◆ **ACTIVITY**
Set down the data below in full, exactly as it reads, but without the pictures.

◆ **GIVEN MATERIAL**
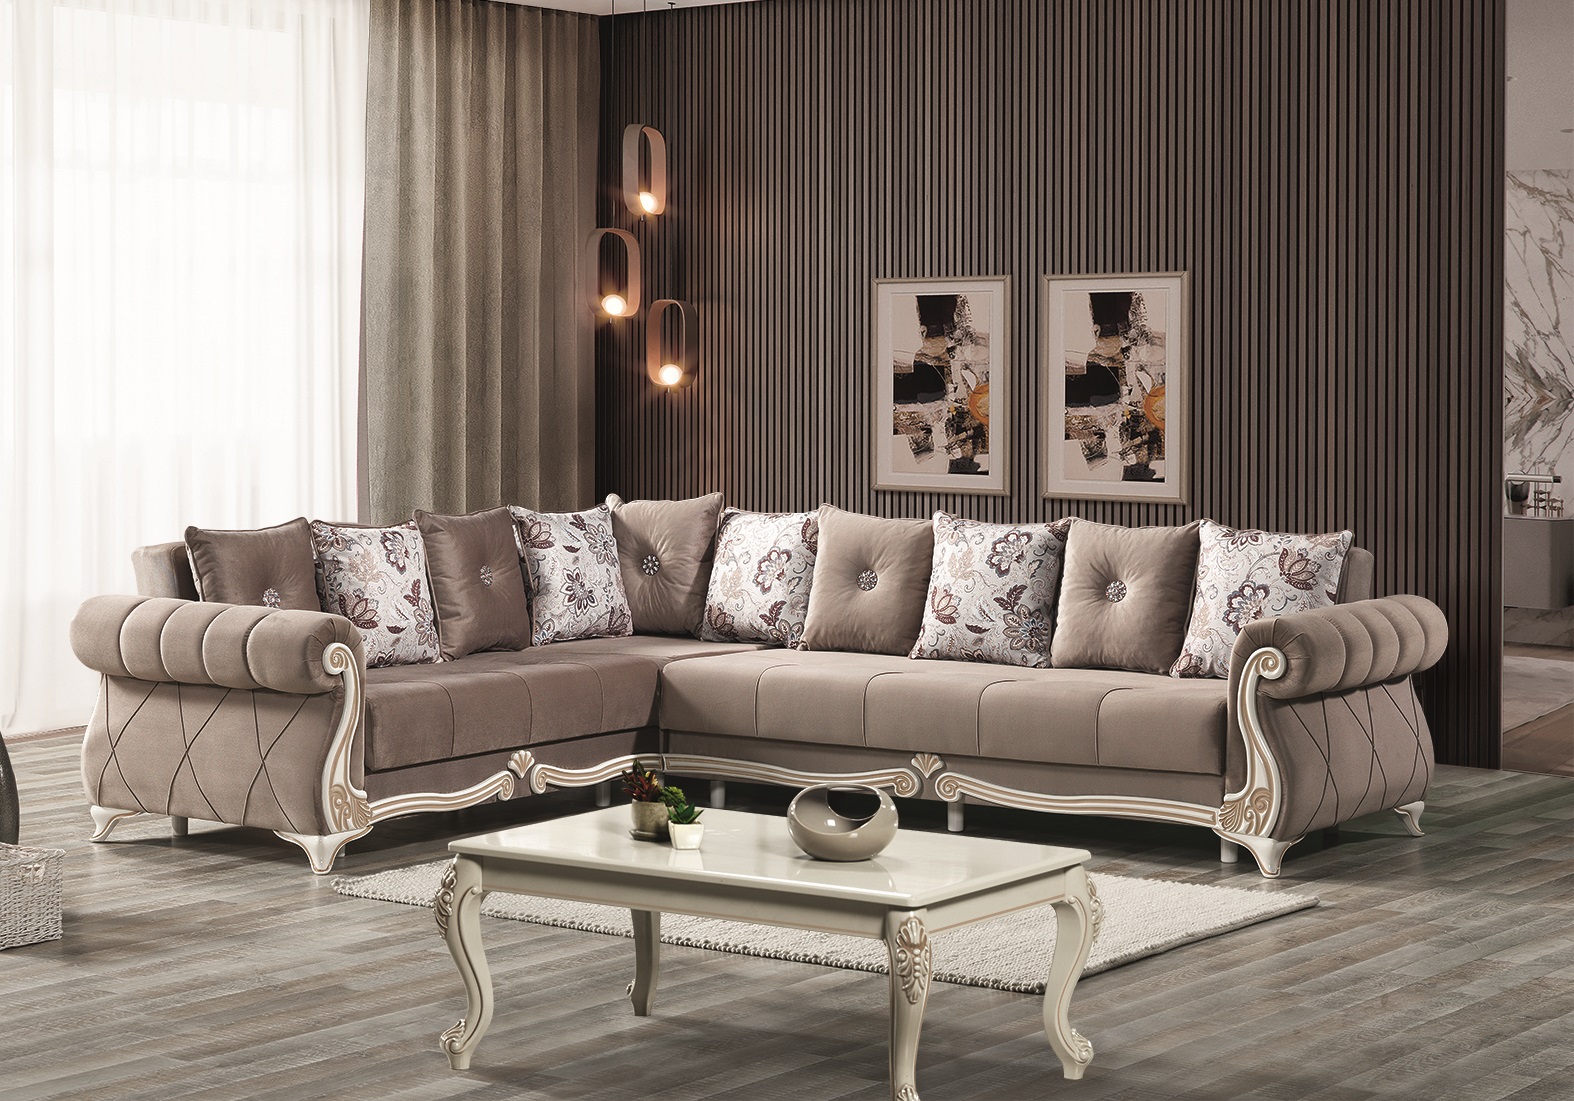 5 raisons pour lesquelles les meubles turcs sont un excellents choix pour  votre décoration intérieure - Meubles turcs - decomeuble.fr
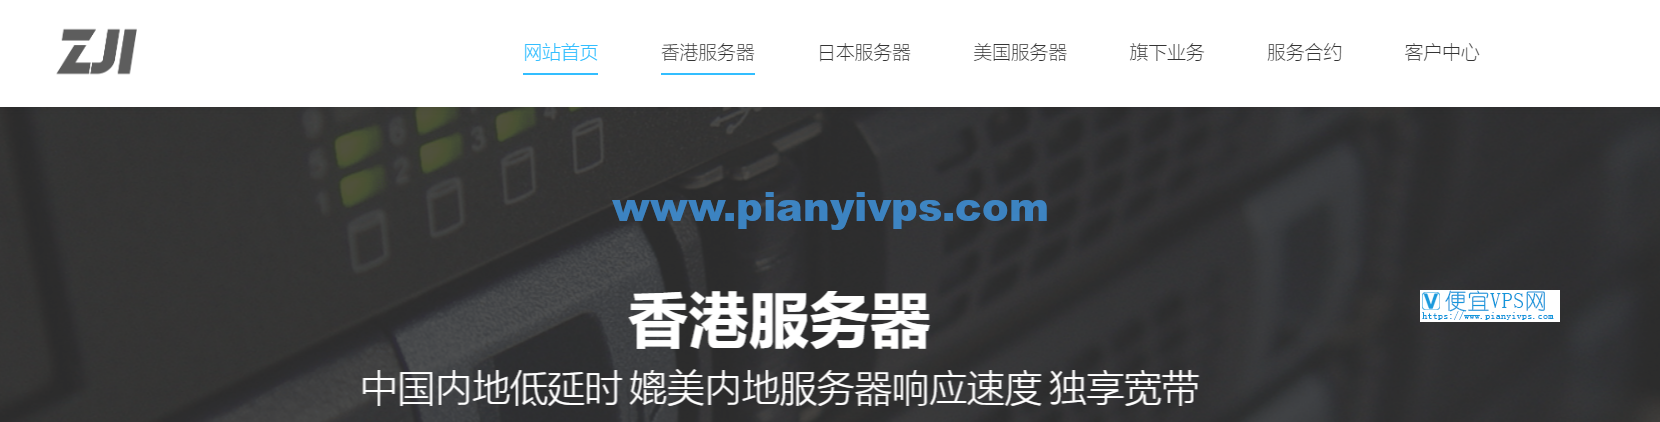 ZJI 香港葵湾服务器 6 折特惠，最低月付 450 元，4C 站群服务器可选 121 个 IP
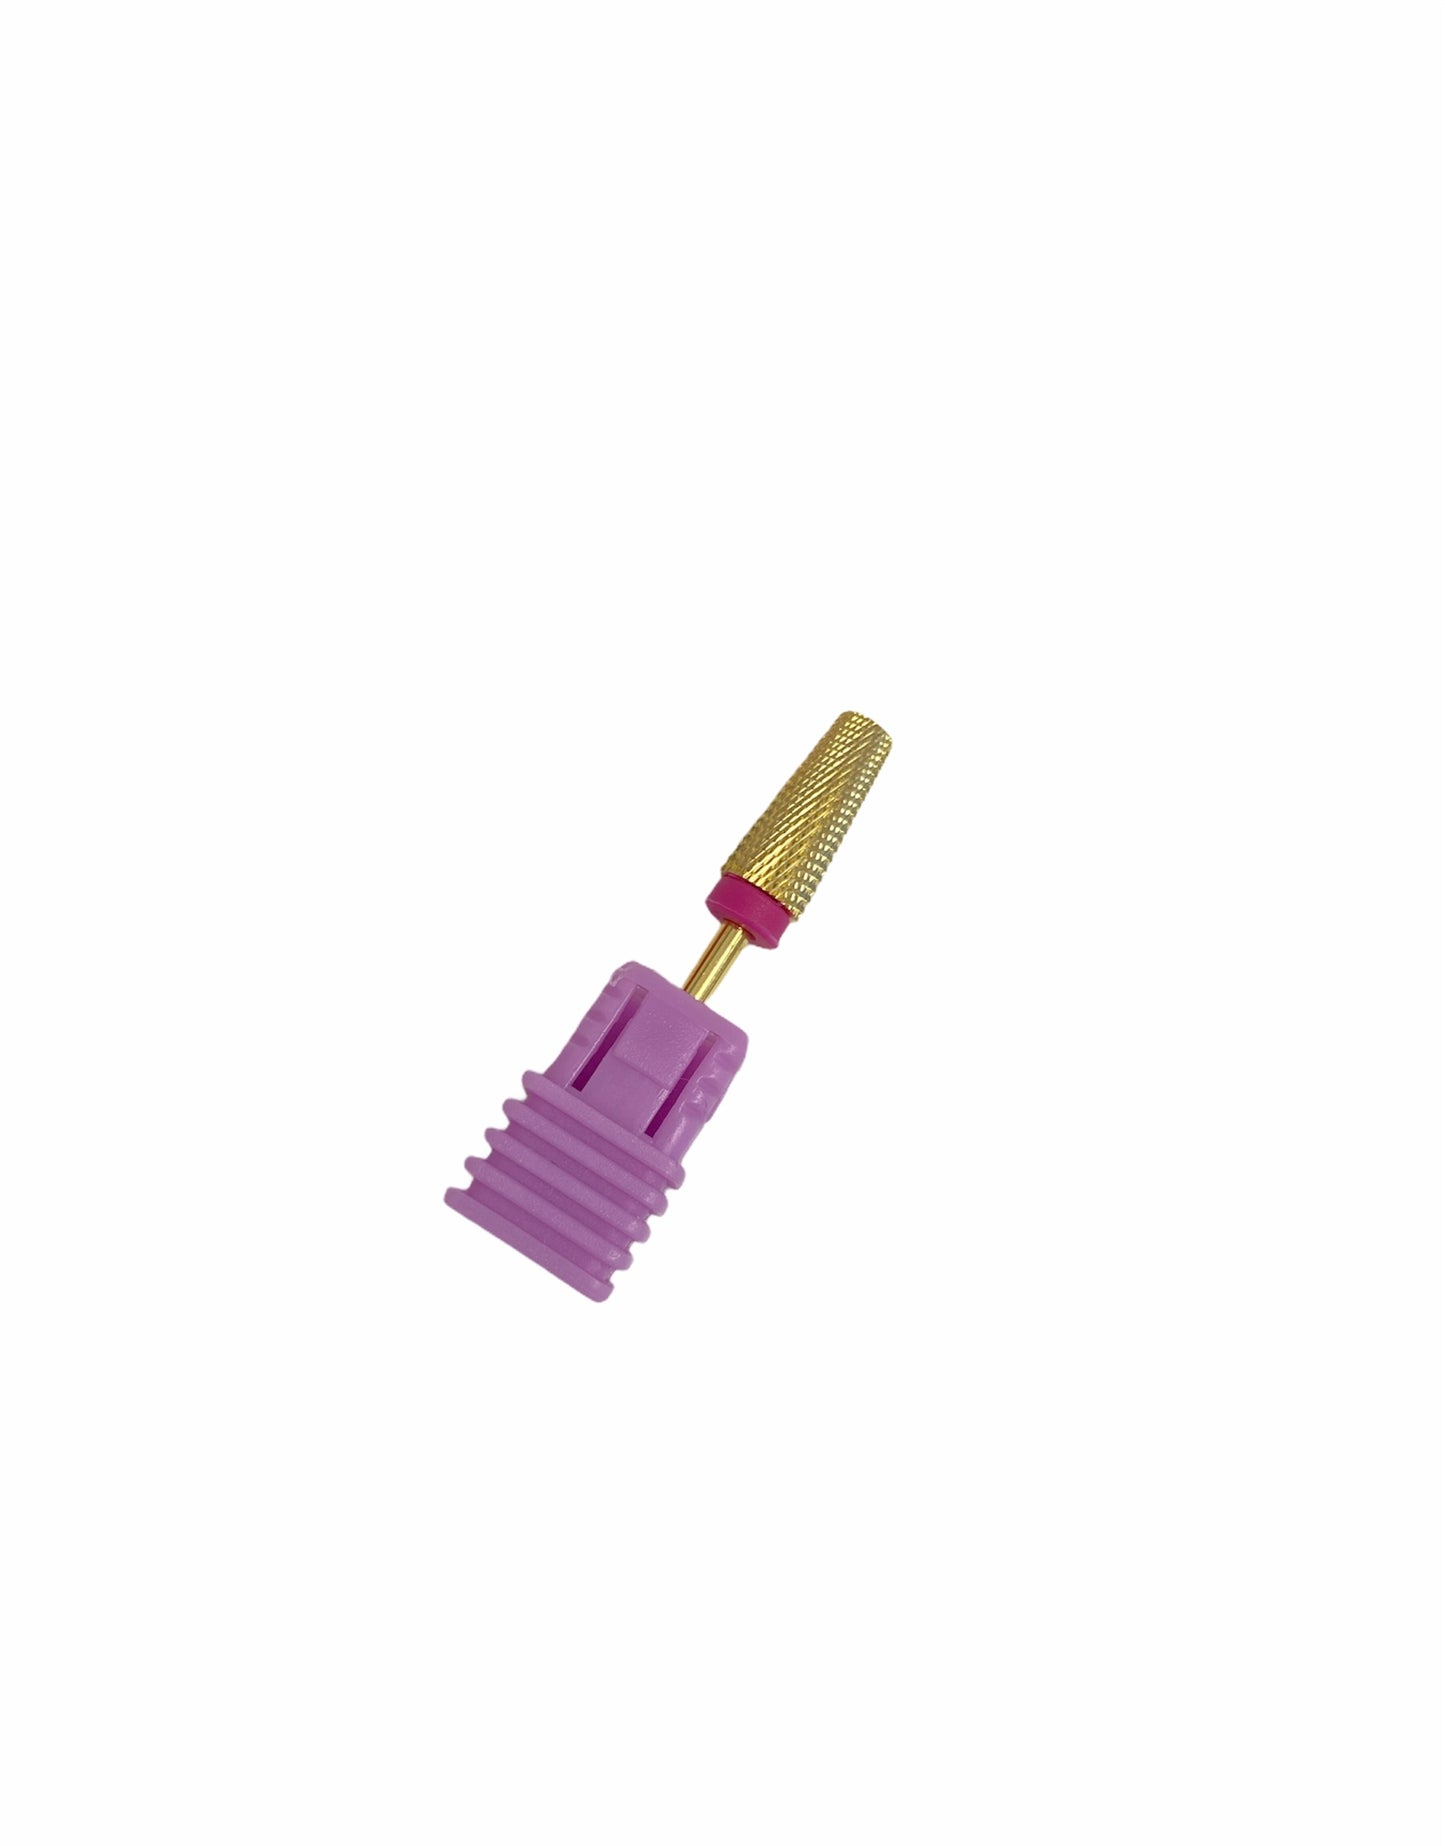 Drill bit Umbrella B  3/32  - Gold 2XF - Premier Nail Supply

◆ **SOLUTION**
 5 raisons pour lesquelles les meubles turcs sont un excellents choix pour  votre décoration intérieure - Meubles turcs - decomeuble.fr
 ZJI 香港葵湾服务器 6 折特惠，最低月付 450 元，4C 站群服务器可选 121 个 IP
 Drill bit Umbrella B  3/32  - Gold 2XF - Premier Nail Supply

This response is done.